Wednesday, October 22, 2008

56 to be arrested over cold medicine

The drug warriors and the media machine live a lie.

Every chance they get, they insist provisions in the Patriot Act reauthorization and various state laws are successful in curbing meth production and use. Arguing against this claim (a claim that is patently false) is not allowed. (Ooh, an Allowed Cloud!)

This isn't the only issue where only one side is permitted to be heard. With the media as one-sided as it is, other false claims and bizarre opinions are often repeated as indisputable fact.

Regarding the Patriot Act's new Rockefeller drug law against cold and allergy medicine, there's a concerted propaganda effort by law enforcement agencies and the media to tell people that the law has crimped meth - when it simply isn't true.

Now, in Auburn, Indiana, police are in the midst of serving 56 arrest warrants for the "crime" of buying too much cold or allergy medicine (which wasn't even illegal a few years ago). While one of the 56 has had drug-related charges before, the law of probability dictates that out of any group of 56 American adults, several will have had some illicit drug involvement.

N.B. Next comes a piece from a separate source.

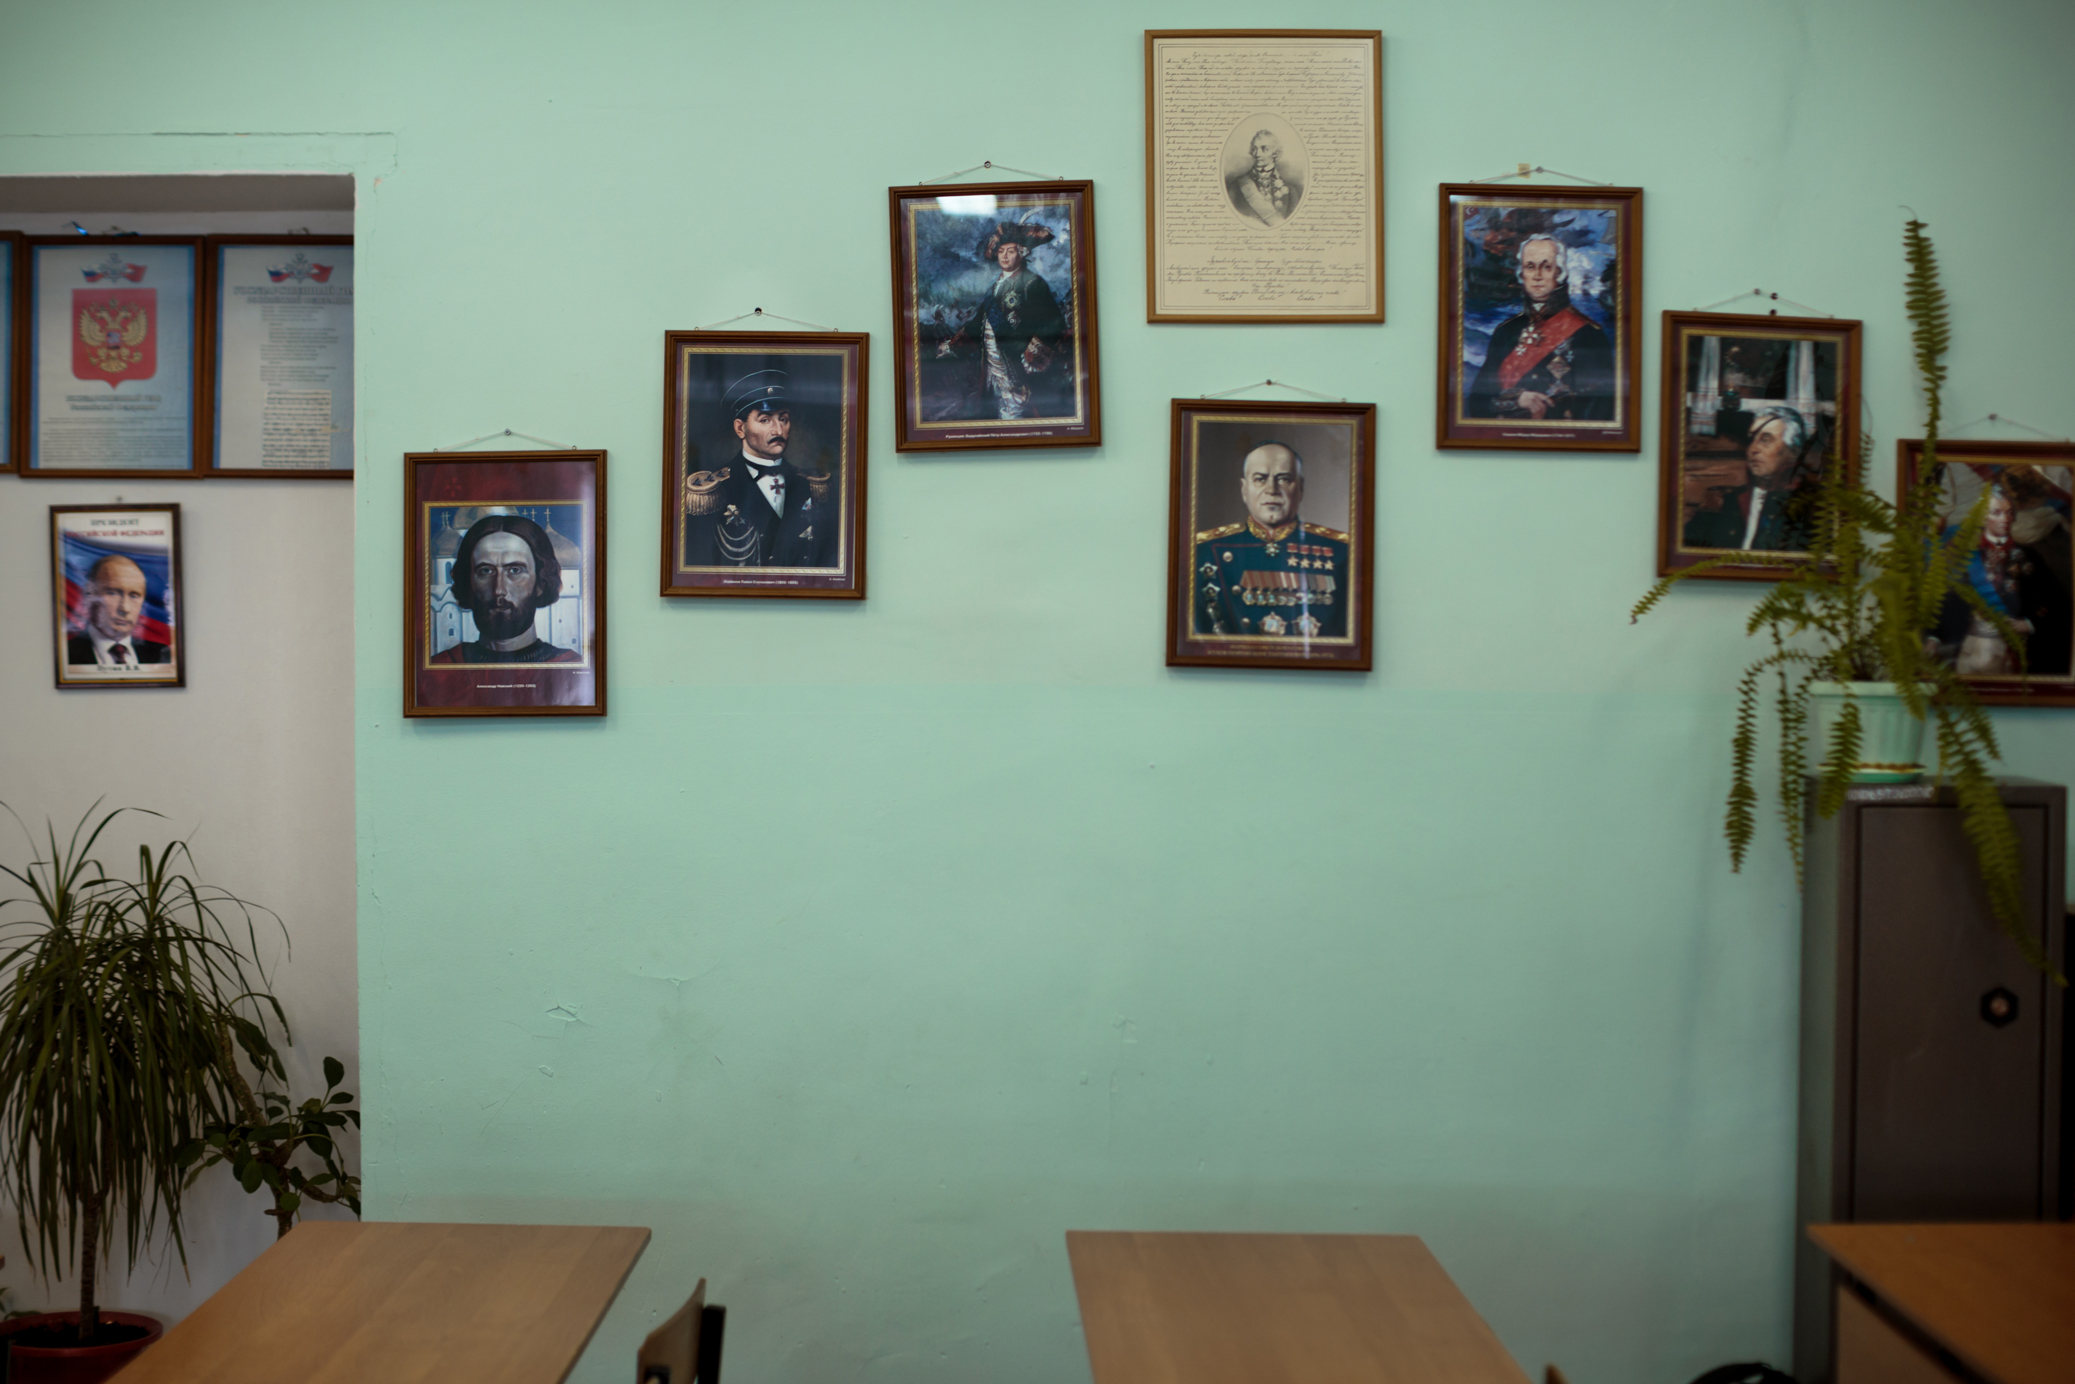 A classroom wall at School #7 decorated with legacies from Russian history, starting with Vladimir Putin on the far left.

There's no indication that these 56 have had any more than any others.

There's no way that anywhere near all 56 planned on making meth out of the medicine they purchased. There just isn't the market for 56 meth labs in a town as small as Auburn. Nonetheless, this adds to 38 arrests from just 3 months ago. If there's no market for 56 meth labs, there's certainly no market for 94.

I'm not even linking to the TV station's article about this with all the street addresses of "suspects" listed. Other articles about similar cases have listed addresses, but this is overkill. With today's vigilante attitude in which people are presumed guilty, it's just dangerous for an article to include addresses.